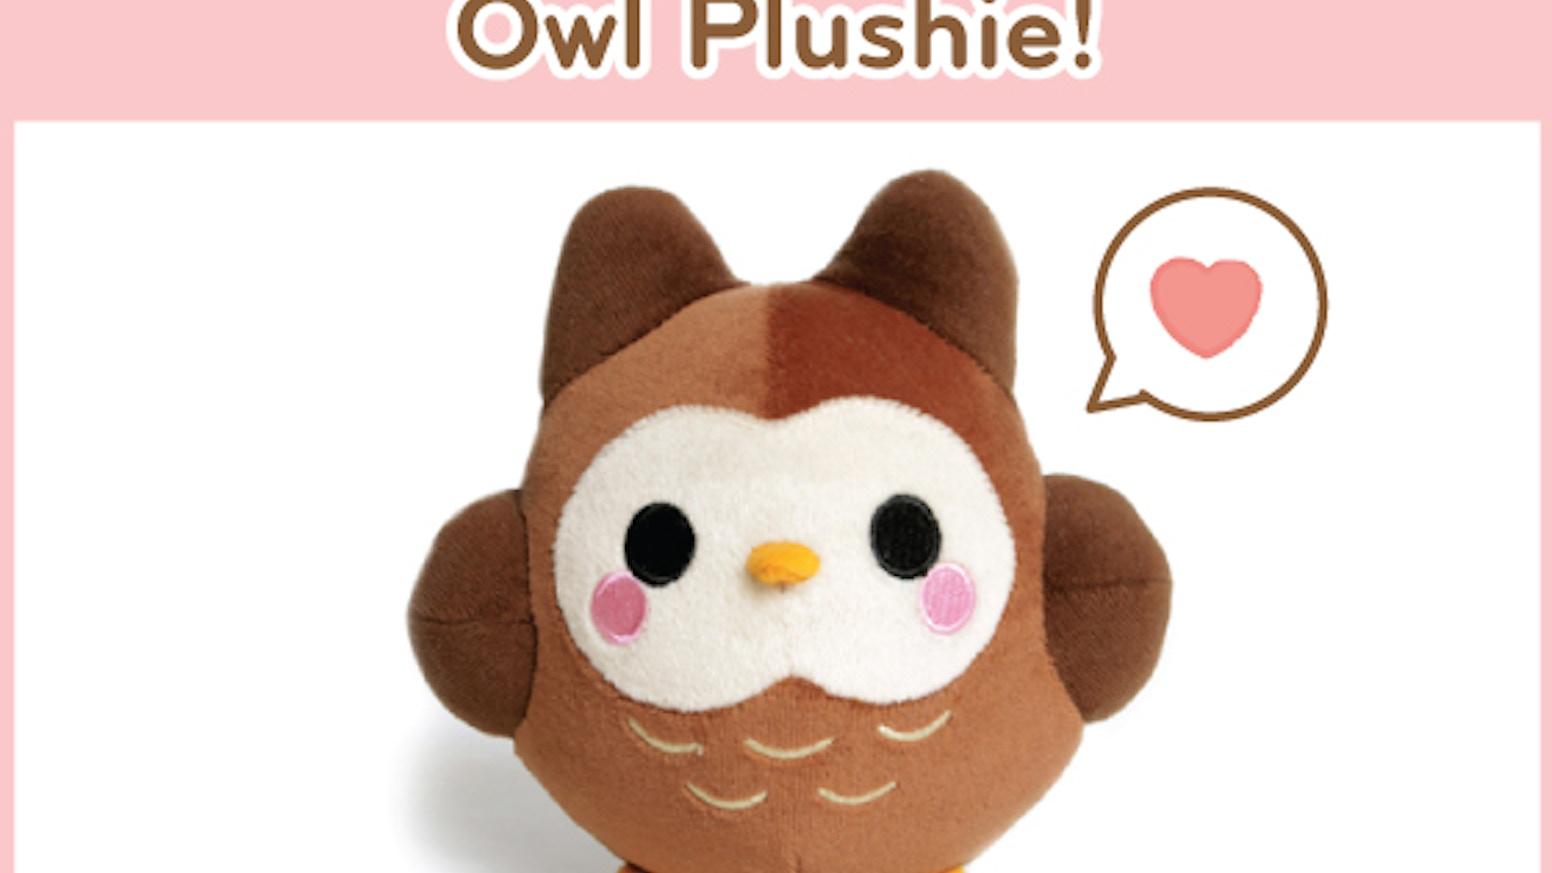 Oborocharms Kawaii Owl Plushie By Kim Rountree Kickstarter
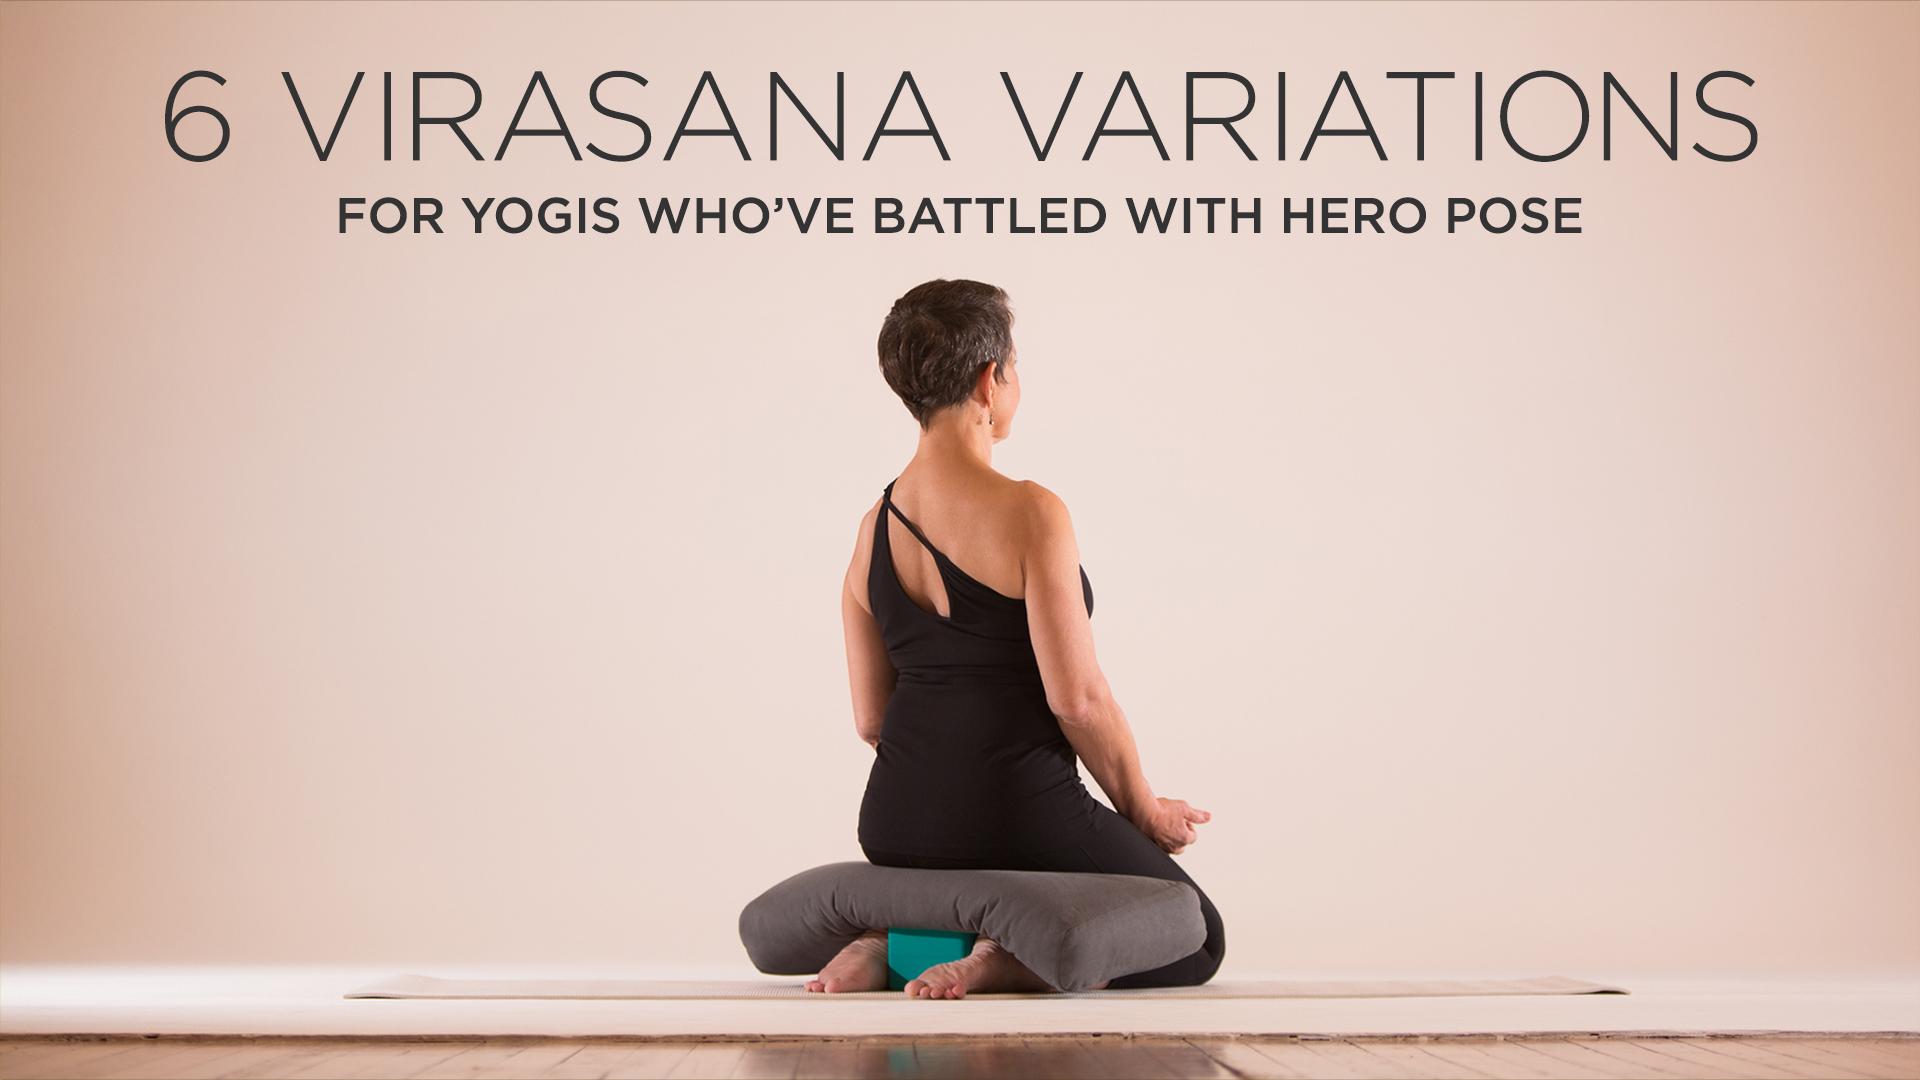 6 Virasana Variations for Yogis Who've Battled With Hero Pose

==

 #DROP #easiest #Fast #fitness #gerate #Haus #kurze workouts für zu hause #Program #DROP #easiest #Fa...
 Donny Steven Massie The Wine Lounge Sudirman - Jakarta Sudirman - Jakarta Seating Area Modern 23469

▶ EXERCISE
Using the entries above, extract exactly the lines from the one that contains "Oborocharms Kawaii Owl" through the one that contains "6 Virasana Variations". Do not carry over any pictures.

▶ RESULT
 Oborocharms Kawaii Owl Plushie By Kim Rountree Kickstarter
 6 Virasana Variations for Yogis Who've Battled With Hero Pose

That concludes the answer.